All of the data should be restated word for word, with the pictures omitted.

* GIVEN MATERIAL *
☆ ☆ ☆ ☆ ☆ ☆ ☆

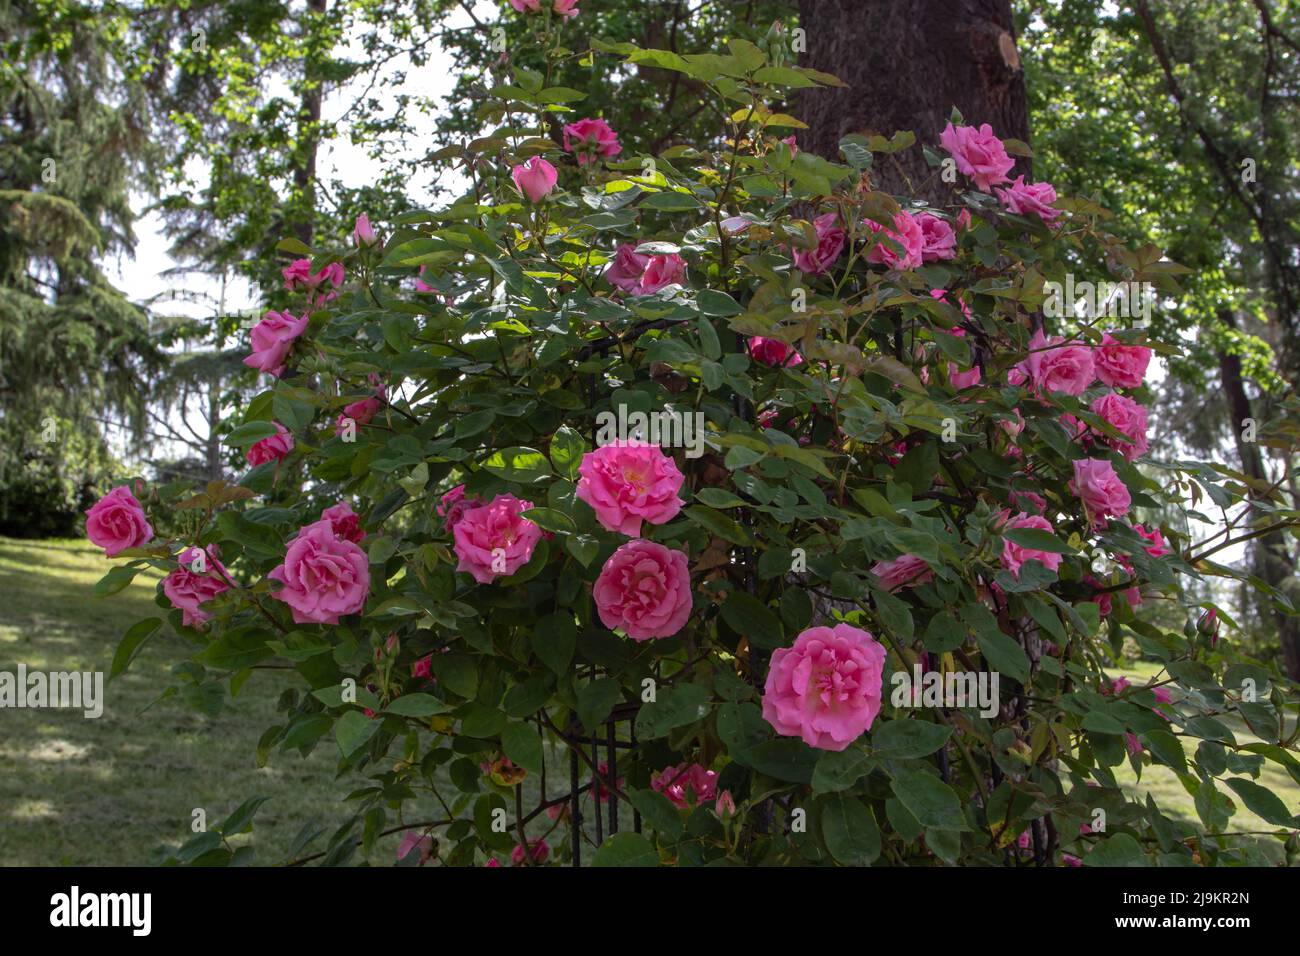 MADRID,SPAIN - May 12,2022: Zephirine drouhin old fashioned climbing rose with deep rose pink flowers in the Rose Garden Ramon Ortiz,Rosaleda del Parq Stock Photo
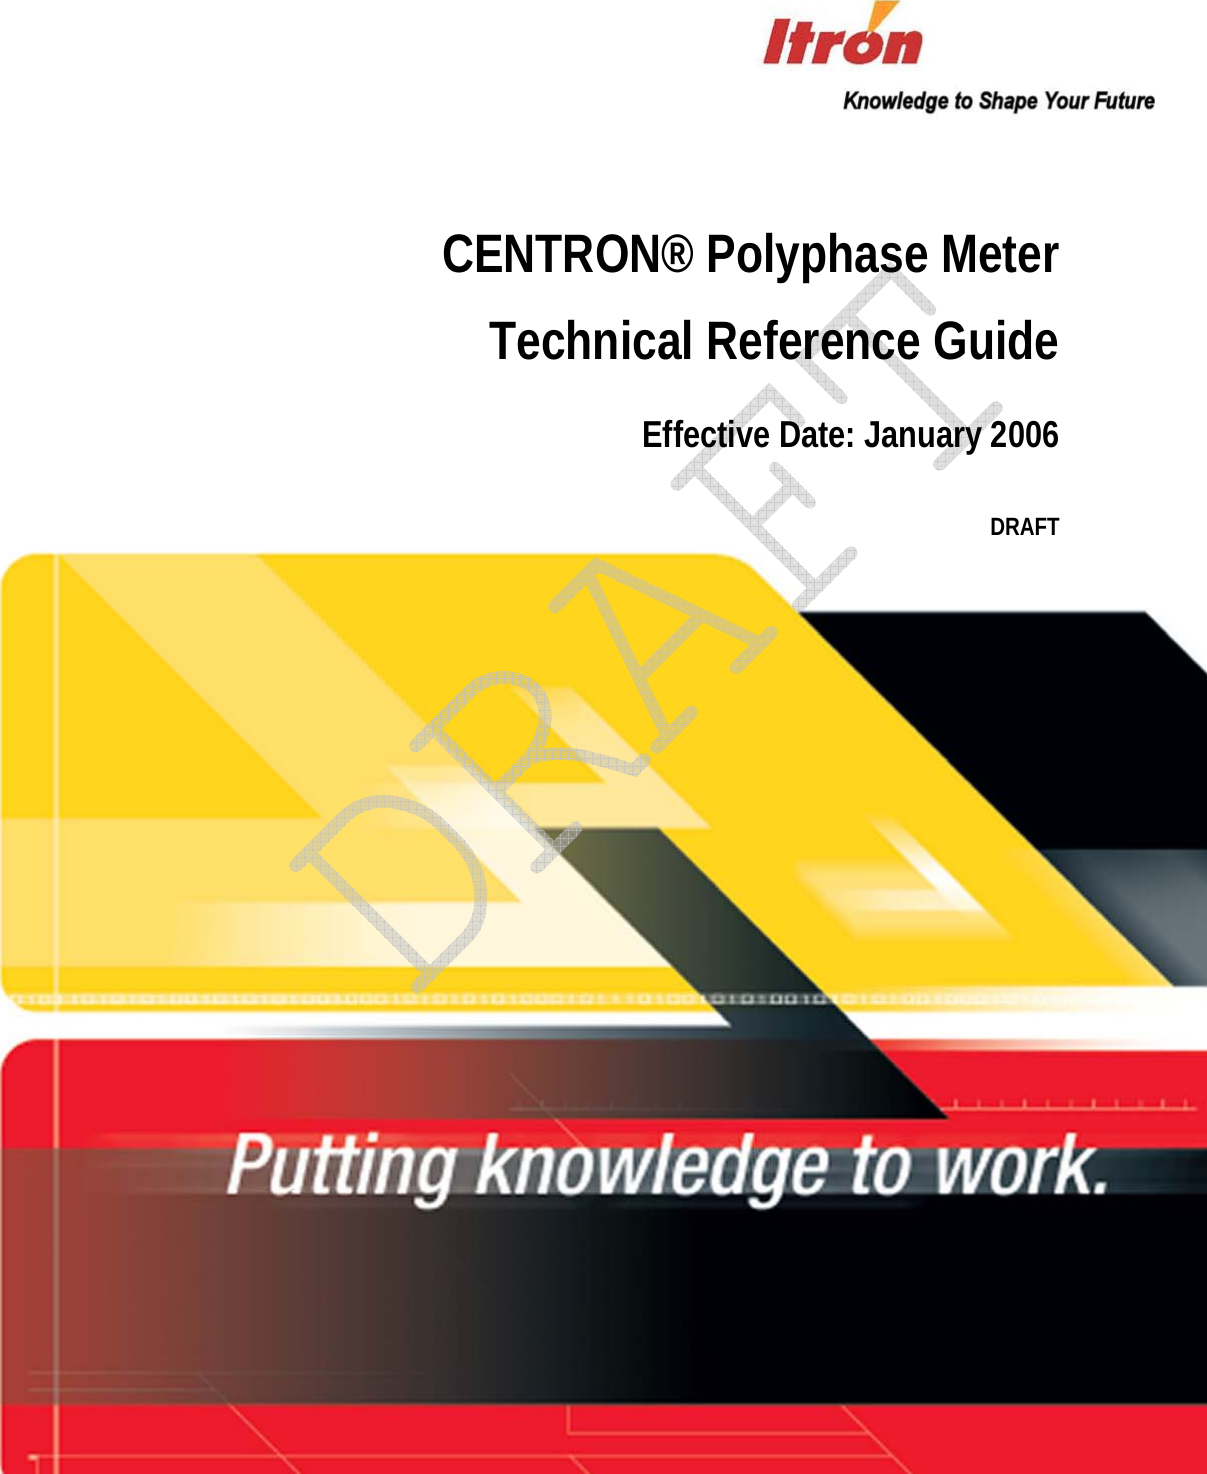  CENTRON® Polyphase Meter Technical Reference Guide Effective Date: January 2006 DRAFT   
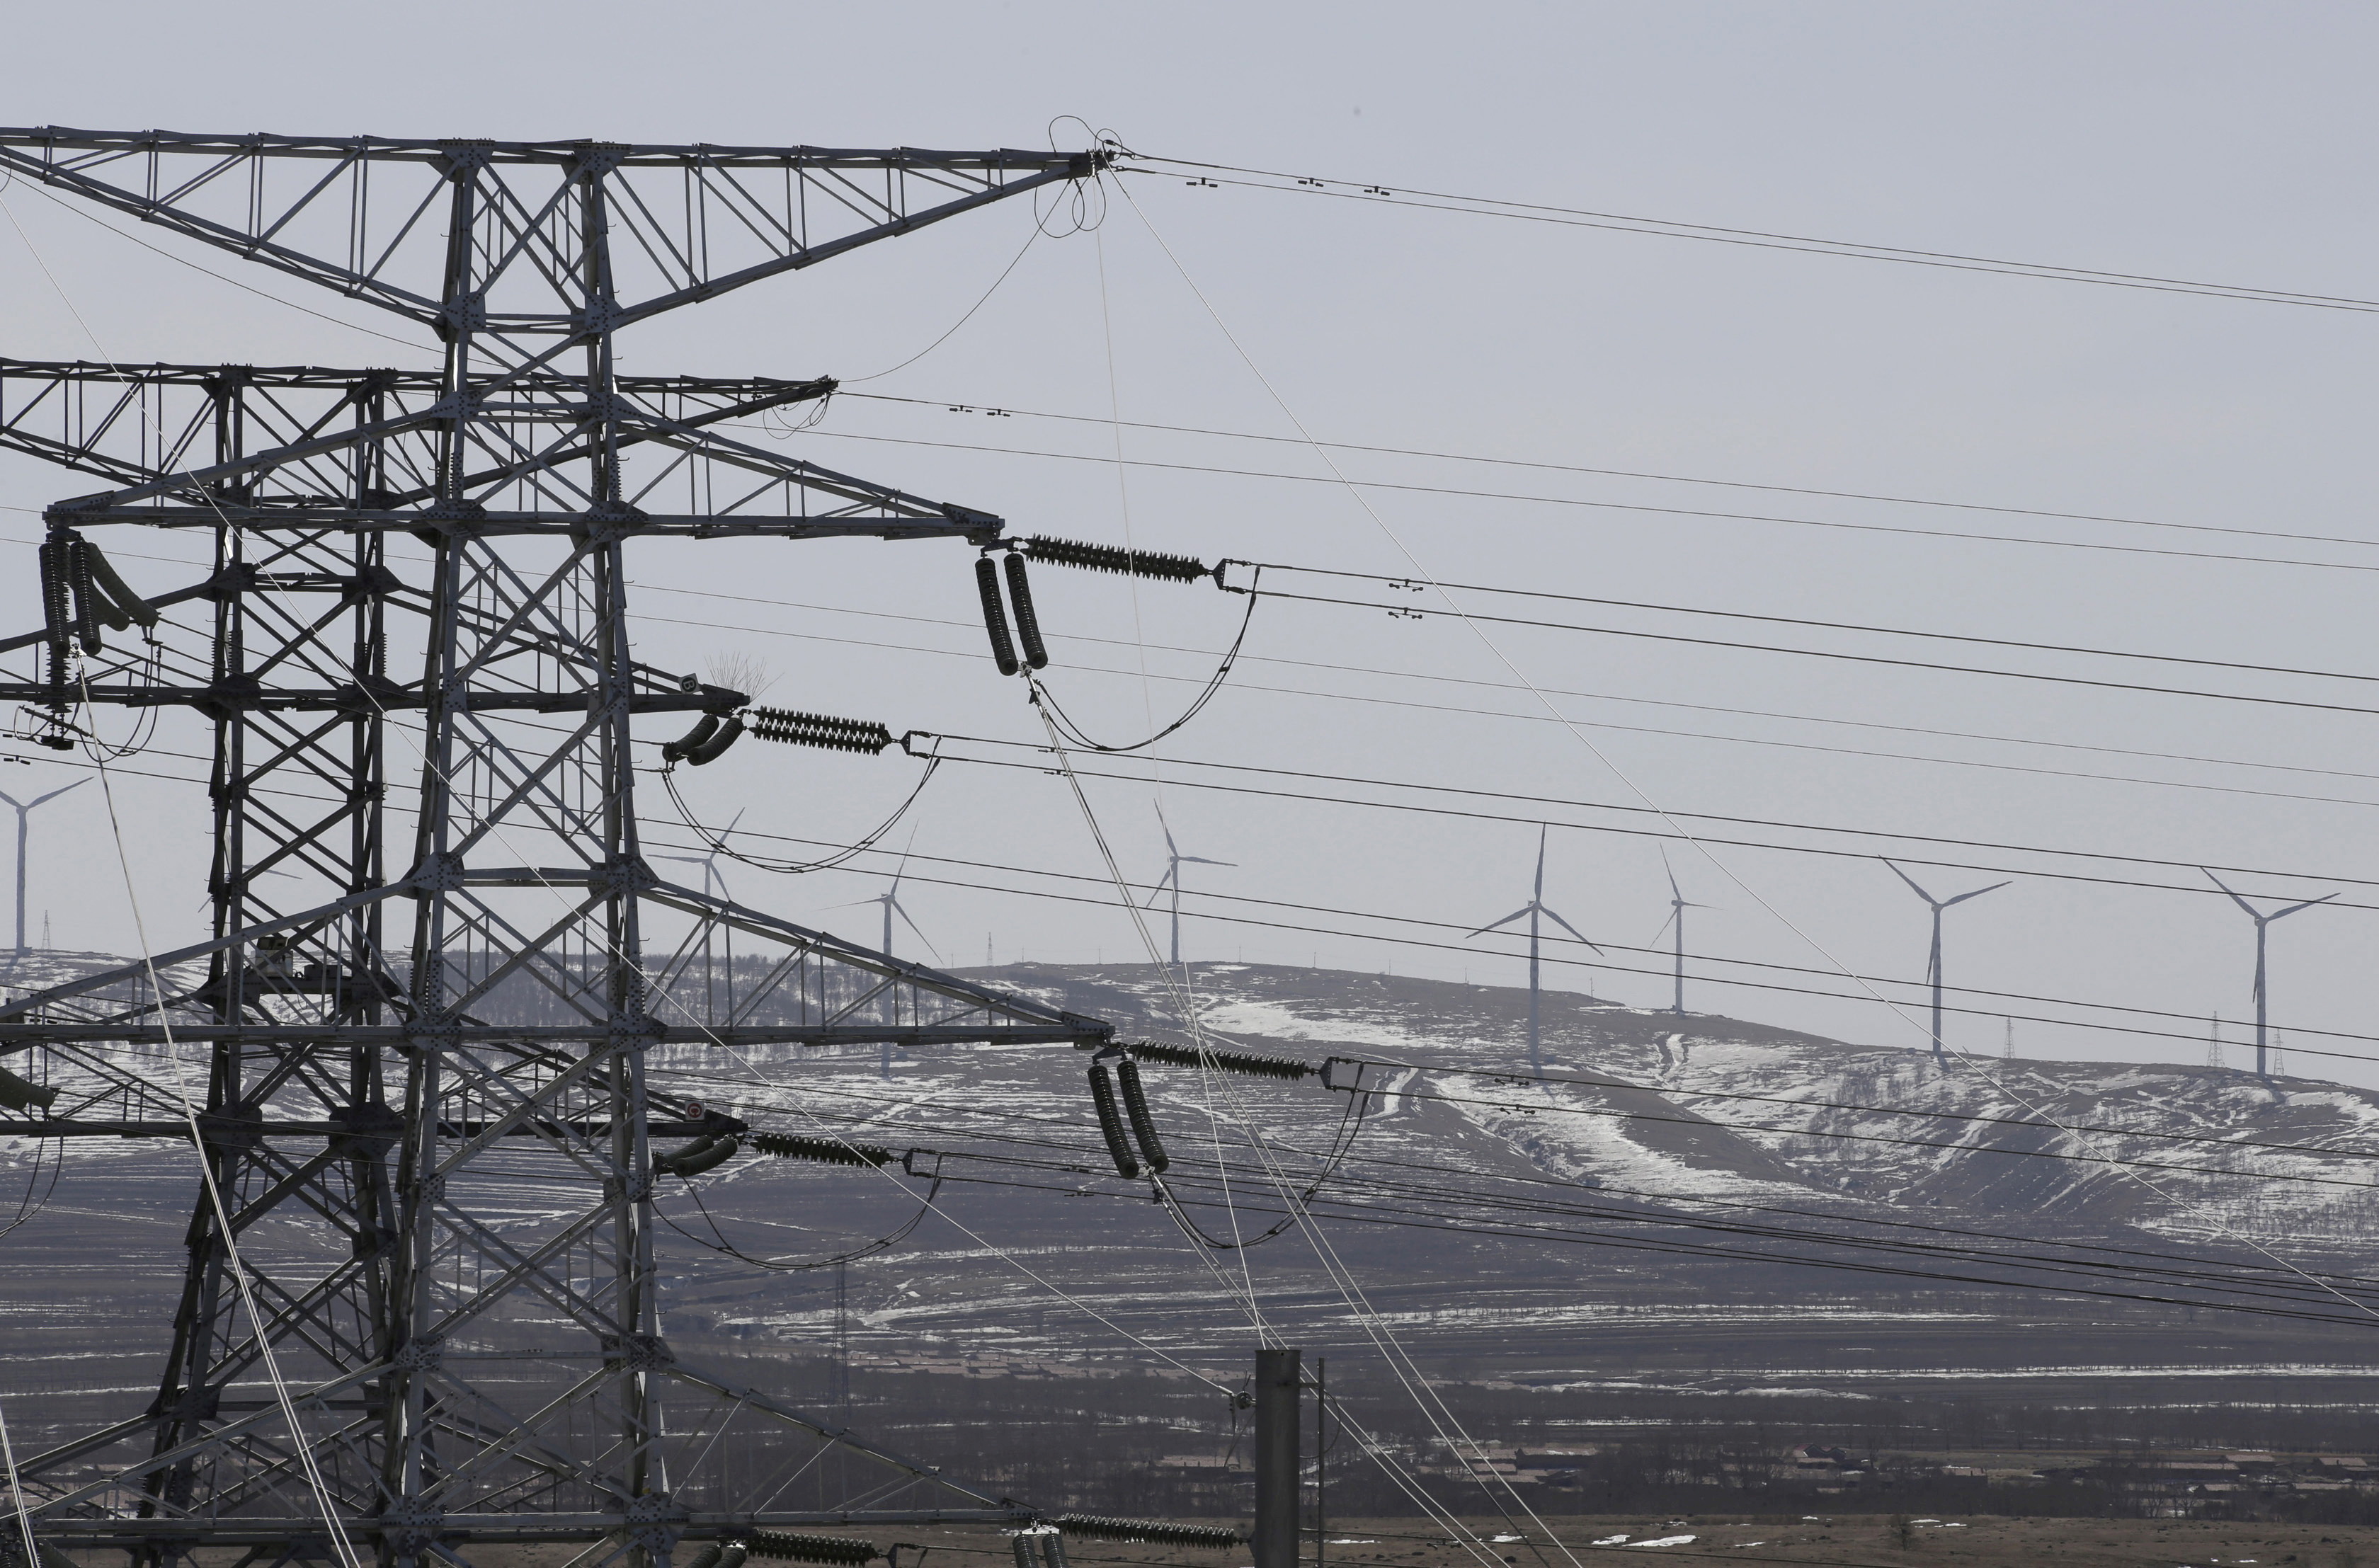 Power lines and wind turbines are pictured at a wind and solar energy storage and transmission power station of State Grid Corporation of China, in Zhangjiakou of Hebei province, China, March 18, 2016. REUTERS/Jason Lee

☆ ☆ ☆ ☆ ☆ ☆ ☆

* EXERCISE ANSWER *
 MADRID,SPAIN - May 12,2022: Zephirine drouhin old fashioned climbing rose with deep rose pink flowers in the Rose Garden Ramon Ortiz,Rosaleda del Parq Stock Photo
  CENTRON® Polyphase Meter Technical Reference Guide Effective Date: January 2006 DRAFT   
 Power lines and wind turbines are pictured at a wind and solar energy storage and transmission power station of State Grid Corporation of China, in Zhangjiakou of Hebei province, China, March 18, 2016. REUTERS/Jason Lee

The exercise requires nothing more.